Passaggio di vita – Gv 10,1-10

Passaggio di vita – Gv 10,1-10

In quel tempo, Gesù disse:
«In verità, in verità io vi dico: chi non entra nel recinto delle pecore dalla porta, ma vi sale da un’altra parte, è un ladro e un brigante. Chi invece entra dalla porta, è pastore delle pecore.
Il guardiano gli apre e le pecore ascoltano la sua voce: egli chiama le sue pecore, ciascuna per nome, e le conduce fuori. E quando ha spinto fuori tutte le sue pecore, cammina davanti a esse, e le pecore lo seguono perché conoscono la sua voce. Un estraneo invece non lo seguiranno, ma fuggiranno via da lui, perché non conoscono la voce degli estranei».
Gesù disse loro questa similitudine, ma essi non capirono di che cosa parlava loro.
Allora Gesù disse loro di nuovo: «In verità, in verità io vi dico: io sono la porta delle pecore. Tutti coloro che sono venuti prima di me, sono ladri e briganti; ma le pecore non li hanno ascoltati. Io sono la porta: se uno entra attraverso di me, sarà salvato; entrerà e uscirà e troverà pascolo.
Il ladro non viene se non per rubare, uccidere e distruggere; io sono venuto perché abbiano la vita e l’abbiano in abbondanza».

Il simbolo della “porta” che nel vangelo di oggi Gesù associa a sé è qualcosa di ambivalente. Da un lato, la porta unisce due ambienti, dall’altro li separa. Al tempo stesso seguire Gesù, passare attraverso la porta-che-è-lui, significa vivere tratti di continuità e di discontinuità rispetto alla propria vita.

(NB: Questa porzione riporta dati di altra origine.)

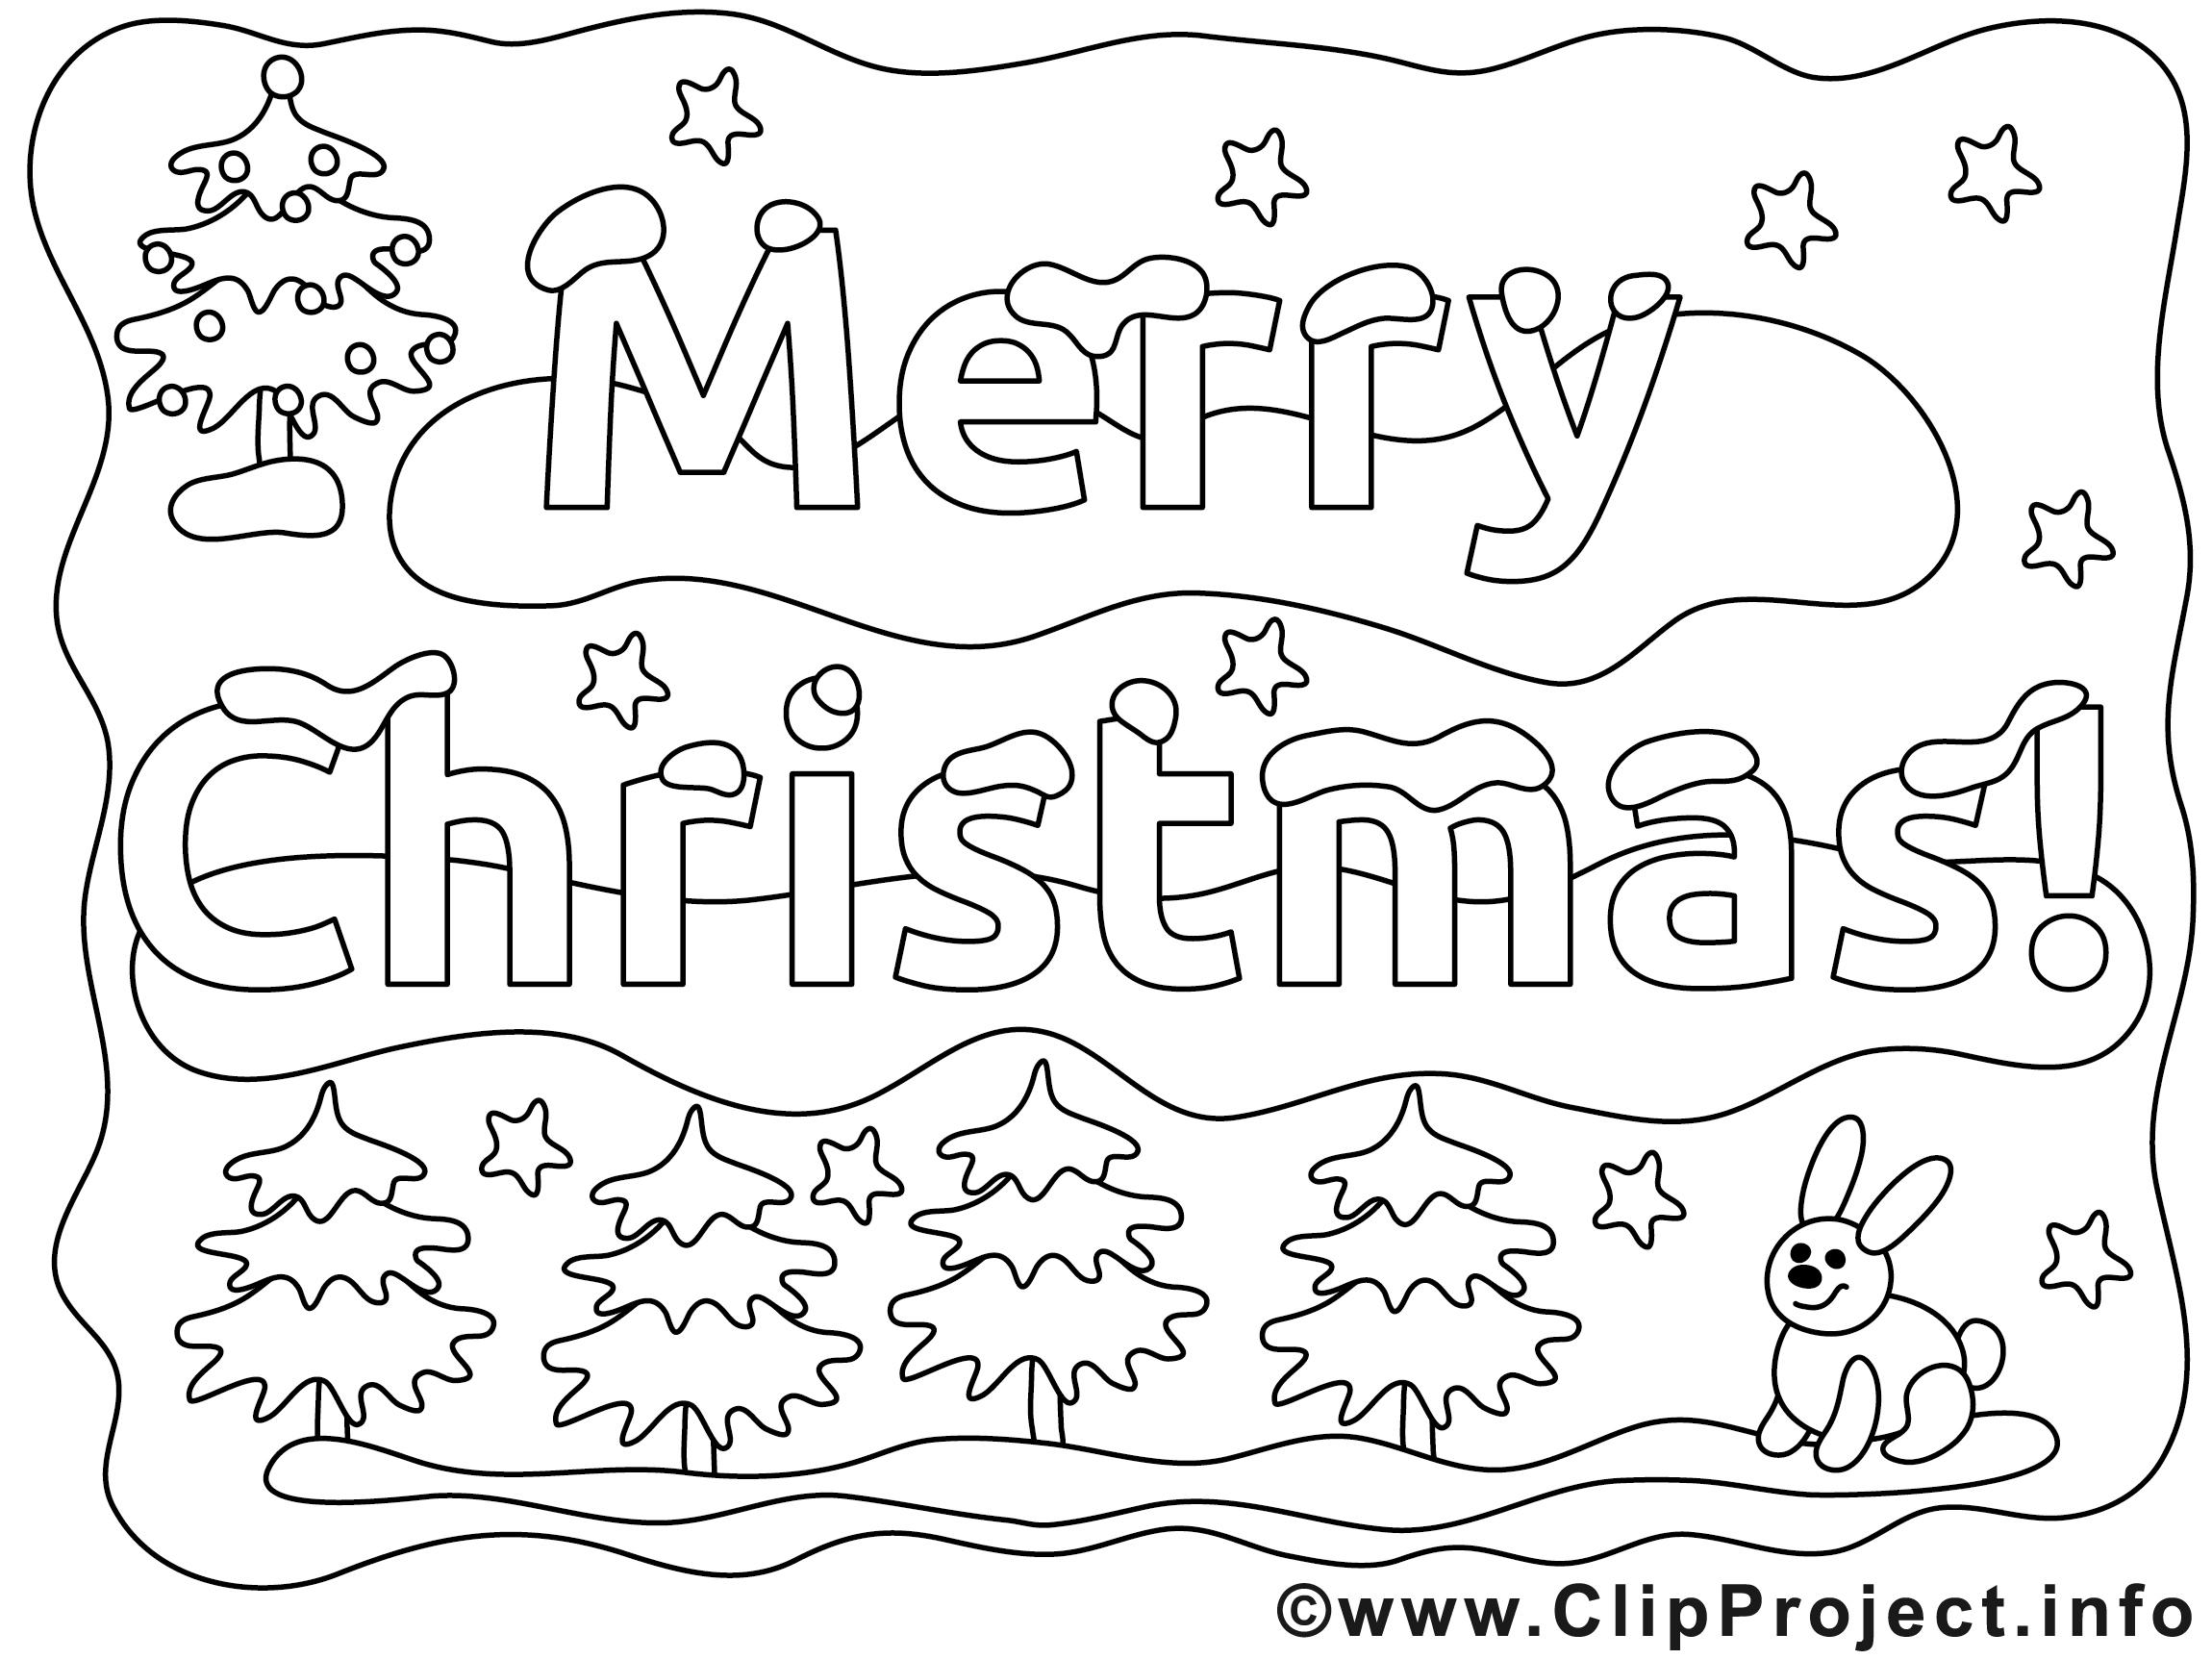 Ausmalbilder Weihnachten - Malvorlagen Für Kinder über Ausmalbilder Zu Weihnachten

Continuità perché Gesù non ci chiede cose eccezionali o sovrumane: la nostra quotidianità è preziosa già così com’è. Al cristiano non è richiesto di salvare il mondo: è già stato salvato grazie a quel Nazareno.

Discontinuità perché la vita cristiana esige una continua conversione, che porta a cambiare la propria vita, in piccoli o grandi gesti.

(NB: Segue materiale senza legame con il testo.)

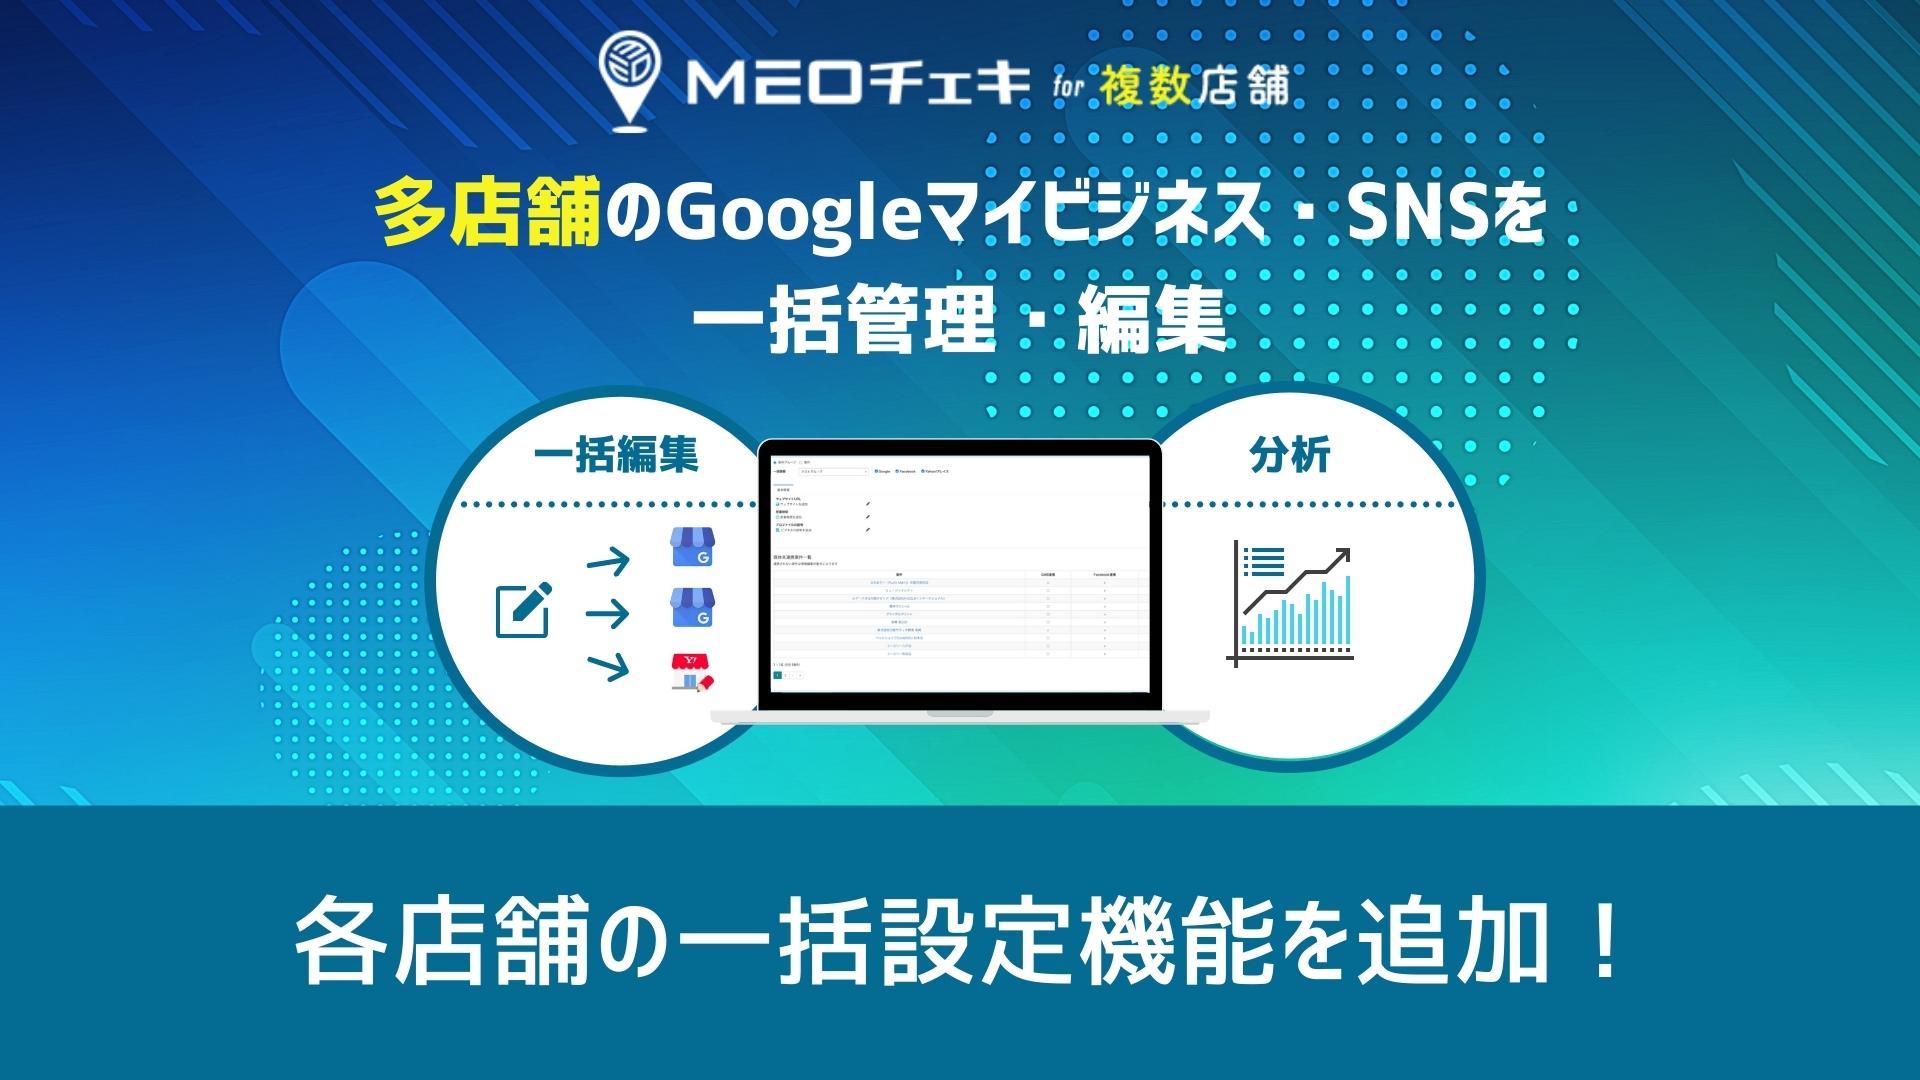 Googleマイビジネス一括編集・管理クラウドツール「MEOチェキ for 複数店舗」が各店舗の一括設定機能を追加!

Quali sono i segni di continuità e di discontinuità che disegnano il profilo del cristiano? Per gli originali lettori di Giovanni la faccenda era abbastanza semplice: passare la “porta” che è Gesù significava battezzarsi. Ma oggi abbiamo una visione più dinamica e meno puntuale del sacramento: da solo il battesimo non ha una piena efficacia trasformante nella nostra vita. E’ necessario custodirlo e farlo fruttare.

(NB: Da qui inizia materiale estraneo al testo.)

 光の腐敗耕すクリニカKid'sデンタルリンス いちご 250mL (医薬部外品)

Quindi torna la domanda: come? E’ curioso che il vangelo di oggi capiti in questo periodo storico, in cui, in Italia, ascoltiamo spesso posizioni polarizzate ed estreme. C’è chi vuole la “messa a tutti i costi”, nonostante virus e quarantena, perché “è ciò che contraddistingue il cristiano”; c’è chi critica i tentativi (spesso goffi, è vero) di invenzioni social del preti, che provano comunque, in qualche modo, a mantenere una forma di celebrazione eucaristica in streaming.

Tra questi due poli c’è in mezzo tutta una sfumatura di grigio che è importante considerare e su cui è bello riflettere: cosa significa, per noi, passare la porta che è Cristo? Come va annunciato? Cosa ci rende cristiani nella società e nella cultura in cui viviamo?

La domanda mi rimbalza in testa. Non trovo risposta, ma la condivido volentieri, perché penso sia l’invito alla conversione, la “voce” del “guardiano delle pecore”, sotto il rumore di fondo del mondo: cosa significa passare la porta che è Cristo in questo periodo di coronavirus?

E’ passaggio di vita: di questo sono certo.